Sven had figured that the Harpys would have interior structures too narrow for human exploration. “Navigate it to their computer core. We need every bit of information we can get.” Turning away Sven went back to a section that still had atmosphere, from where he took the tube to the sub alpha ring, to his office. Still in space suit, sans the helmet, he activated his console, which showed a life feed of the probe in the harpy ship.

“Taking over control, Smith, fall back. Same goes for the others, we don’t know what dangers that thing might hold in store for us.”

In the line he heard a slight feedback loop. Turning his head he noticed Solomon in the door. “Welcome to my lair Mr. Bond.” Sven chuckled, the Admiral too had to smile. “Well, Doctor, this is where all threads tie together.”

Turning his attention back to his console Sven shook his head. “For now sir, only for now.” The camera feed was the main screen, but there were thermal imaging feeds, scans of the atmosphere, as far as there was any, sounds and radiation, as well as various other telemetry readings. “Can I help you out of that suit?

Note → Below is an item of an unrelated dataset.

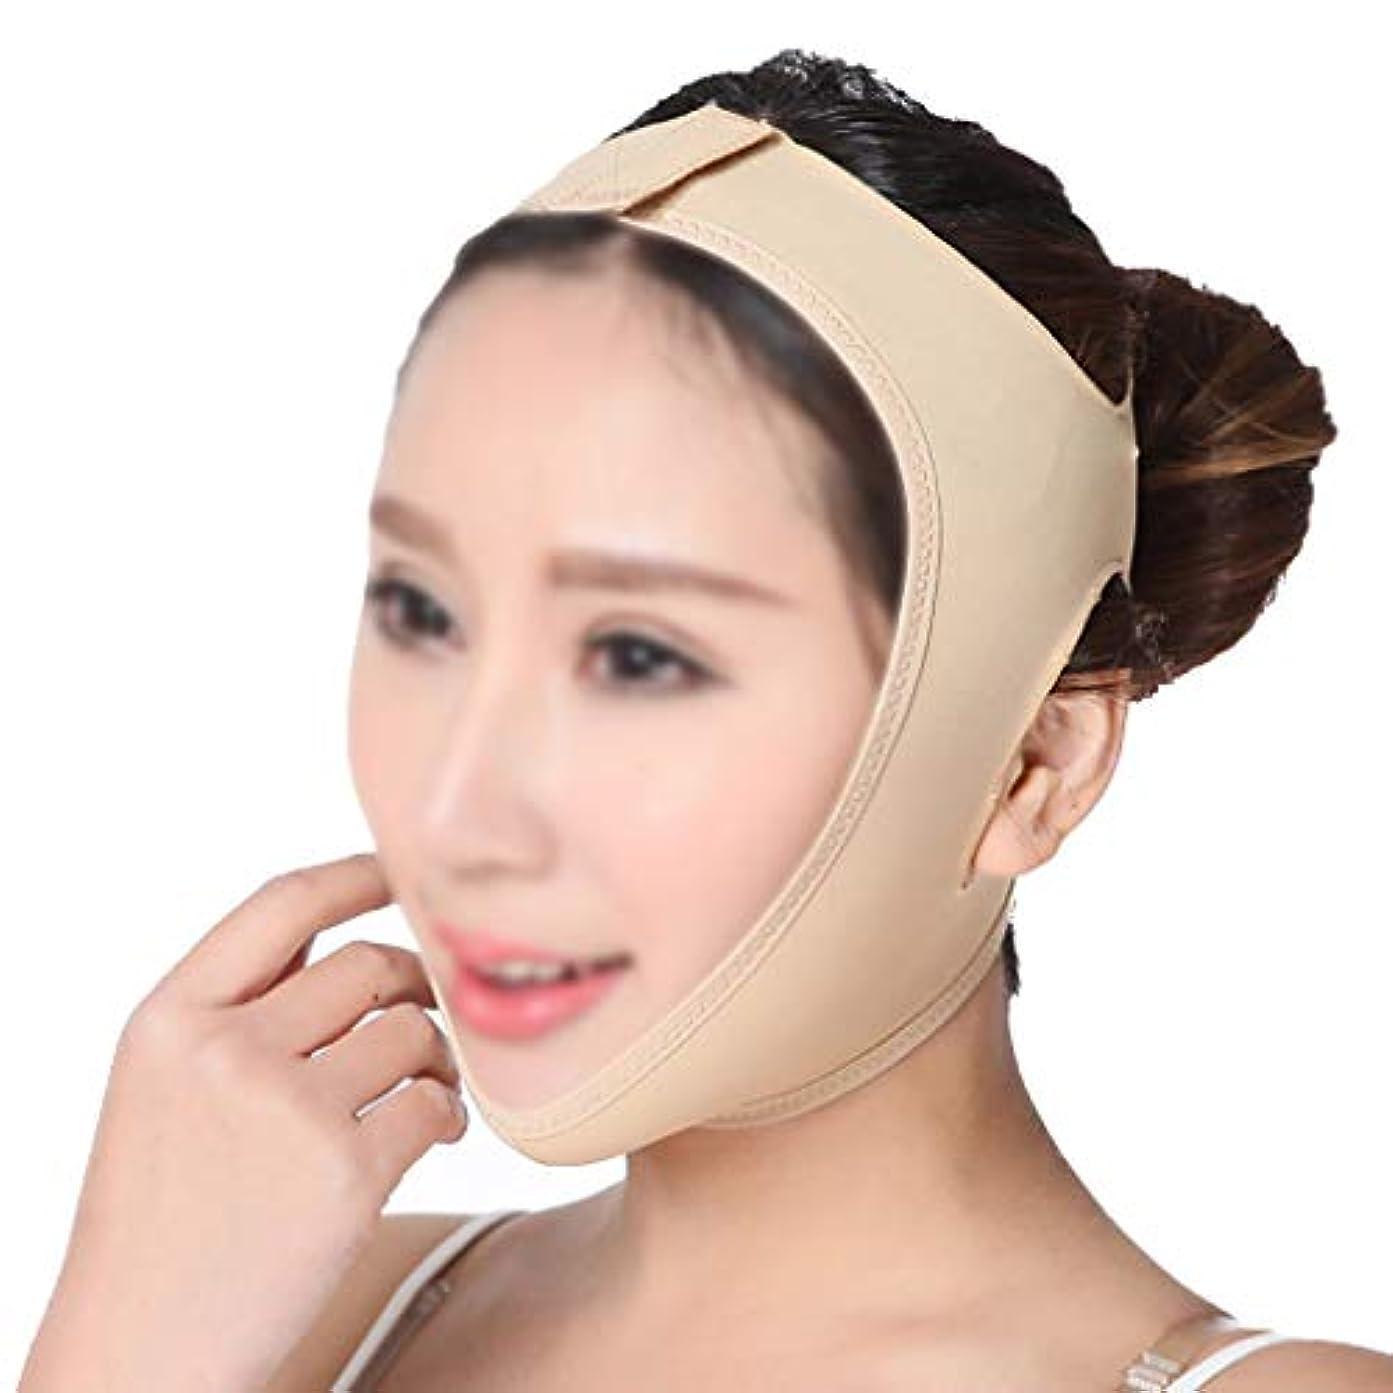 認める悲劇整理するXHLMRMJ 薄い顔包帯顔スリム二重あごを取り除くVラインの顔の形を作成するあごの頬リフトアップ抗しわを持ち上げるベルトフェイスマッサージツール (Size : XL)

It’s quite uncomfortable.”

“I doubt Smith would like to see you helping me out of this.” Emphasising the “you” he winked over his shoulder.

Understanding the implications Solomon just nodded and looked at the screen as well. Mostly the probe guided itself, but here and there Sven made adjustments, scanning certain parts in more detail, prying open doors to see what lay behind.

“Where are we going with this thing?”

“Engineering. If scans of their engines are to be believed they utilise forms of energy we dare not touch again after the Ark1.”

Getting nervous after these words Solomon was thinking of ways to jettison the Harpy craft from the Horizon before the antimatter in their engines became unstable. “And I suspect them to use gravitons, and antigravitons as well. In addition I hope to find access to their computercore there.”

“If we can find the way.” Jana Smith entered the room, saluting the Admiral.

Instructing the first officer of the watch to keep a close sensor lock on the Harpy ship with all available devices Solomon kept watching Sven and Jana steer their probe.